During his voyages, and amid the dangers of sea and land, Maimonides not only constantly studied the Torah the Talmud, but began to write a commentary on the Mishnah. Shortly after his arrival in Egypt, at the age of 33 (in the year 1168), he completed his commentary, originally written in Arabic (in Hebraic characters, the common language of Eastern Jews at the time. Maimonides was particularly pleased having finished it, since he was a descendant of Rabbi Yehuda HaNasi, who had compiled the Mishnah about 1000 years before.

The commentary to the Mishnah gained wide fame. Numerous consultations on the most diverse points of Jewish law they began to come to him from remote Jewish communities, the opinion of Maimonides being highly respected.

Maimonides became very much loved especially by the Jews of Yemen, to whom he sent a letter of comfort and encouragement, which has acquired renown to this day with the name of Igueret Teiman ("Yemenite Epistle"), at a time when their entire future as Jews was threatened by oppression.

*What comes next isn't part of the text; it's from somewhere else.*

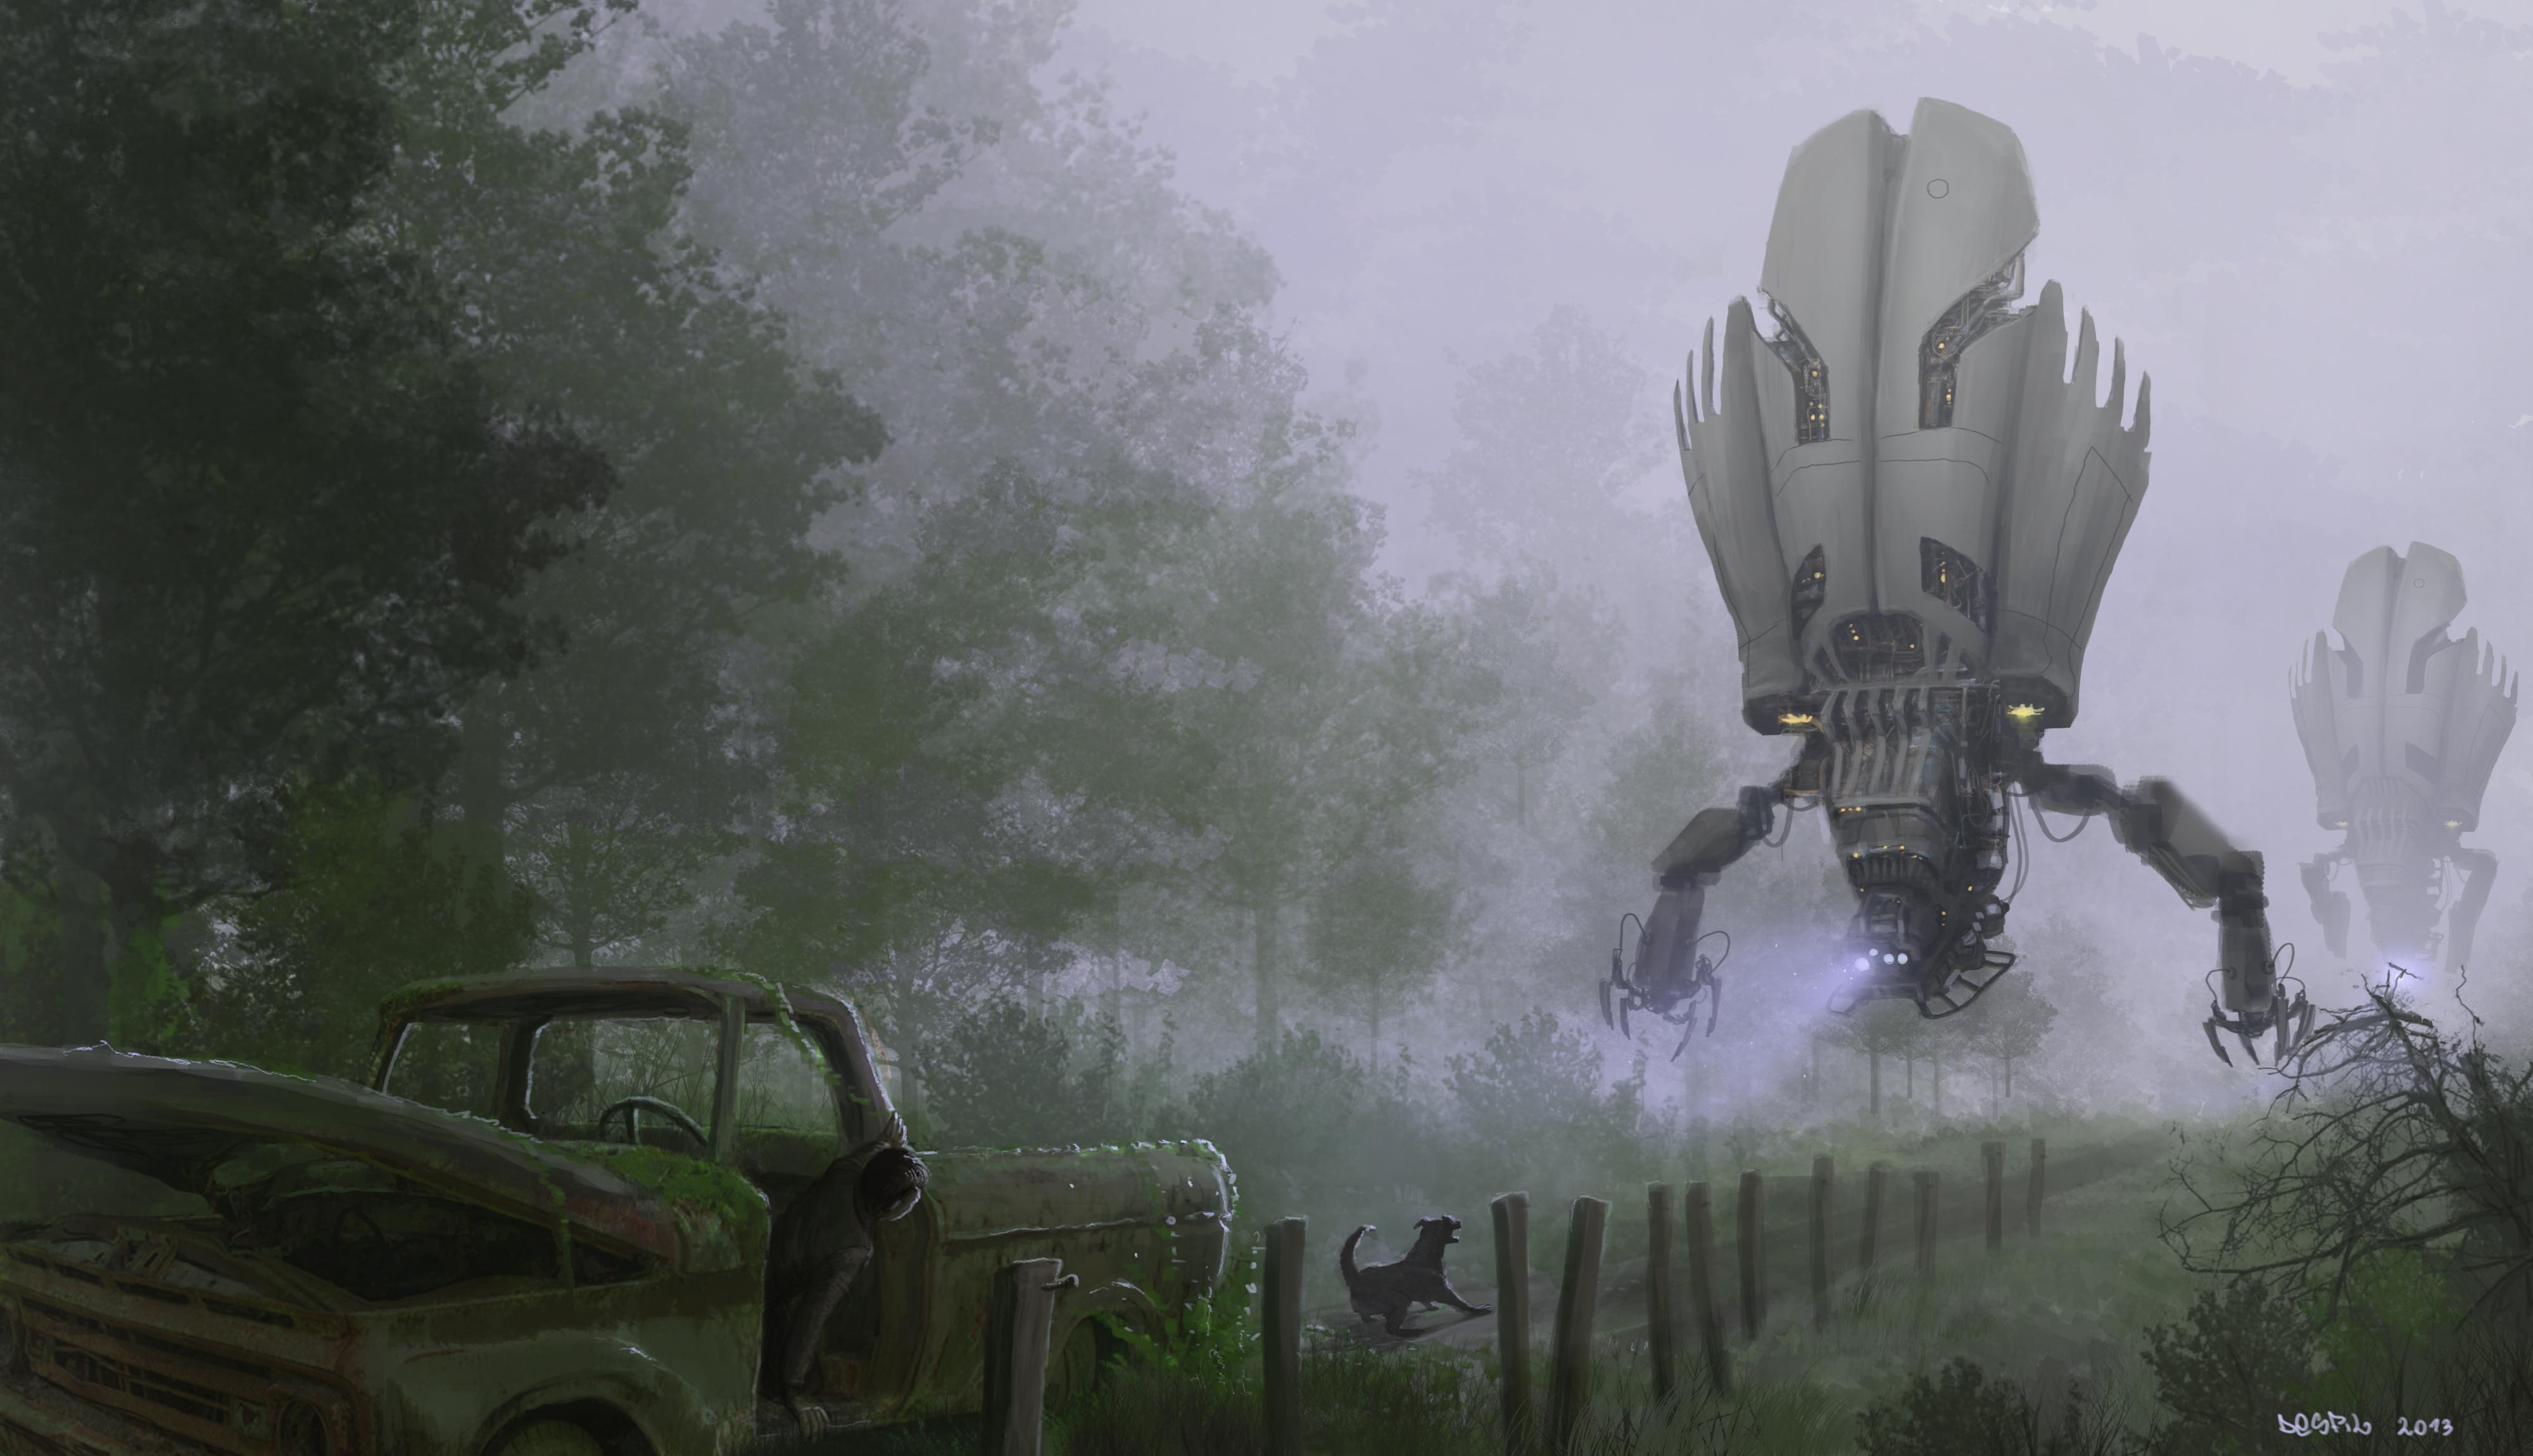 General 4000x2300 artwork robot dog car science fiction apocalyptic digital art

It was amazing how much Maimonides could work in a single day! Resol via communal matters of urgency, his medical practice, his regular hours of Torah and Talmud study, his correspondence, etc. But even in the midst of this overwhelming task, he wrote a second outstanding work: the Mishneh Toró or Yad HaJazaka, in the year 1180.

This is a giant religious code, a compilation of the entire Talmud. It was written in plain and simple Hebrew, in the language of the Mishnah, understood by all Jews. It is divided into 14 books (the Hebrew word Iad has the numerical value of 14), each of them subdivided in turn into chapters and Halachot (Laws) in an exemplary manner.

This book is used until today in day in all the Yeshivot (Torah Academies).

Around the year 1185 he became a private physician to the Vizier, and later also a personal physician to Sultan Afdal, who succeeded his kind father, the famous Sultan Saladin ( 1137? -1193). Many of the country's nobles sought his services and wise advice from him, but Maimonides also found time to care for the poor, from whom he neither required nor accepted payment. And yet he could correspond with the Jewish communities near and far, and continue his activity in the fields of medicine, astronomy, and philosophy. All this despite his frail physical constitution and his frequent illnesses.

Around the year 1190, Maimonides finished his famous philosophical work, the Moré Nevujím (Guide for the Perplexed). This book was also written in Arabic and achieved great popularity in Jewish and non-Jewish circles.

During the last twenty years of his life, Maimonides was the recognized and beloved leader of all the Jewish communities in Egypt.


he died in Fostat, on Tevet 20, 1204. His remains were transferred to Tiberias, in the Land of Israel, where they found a burial.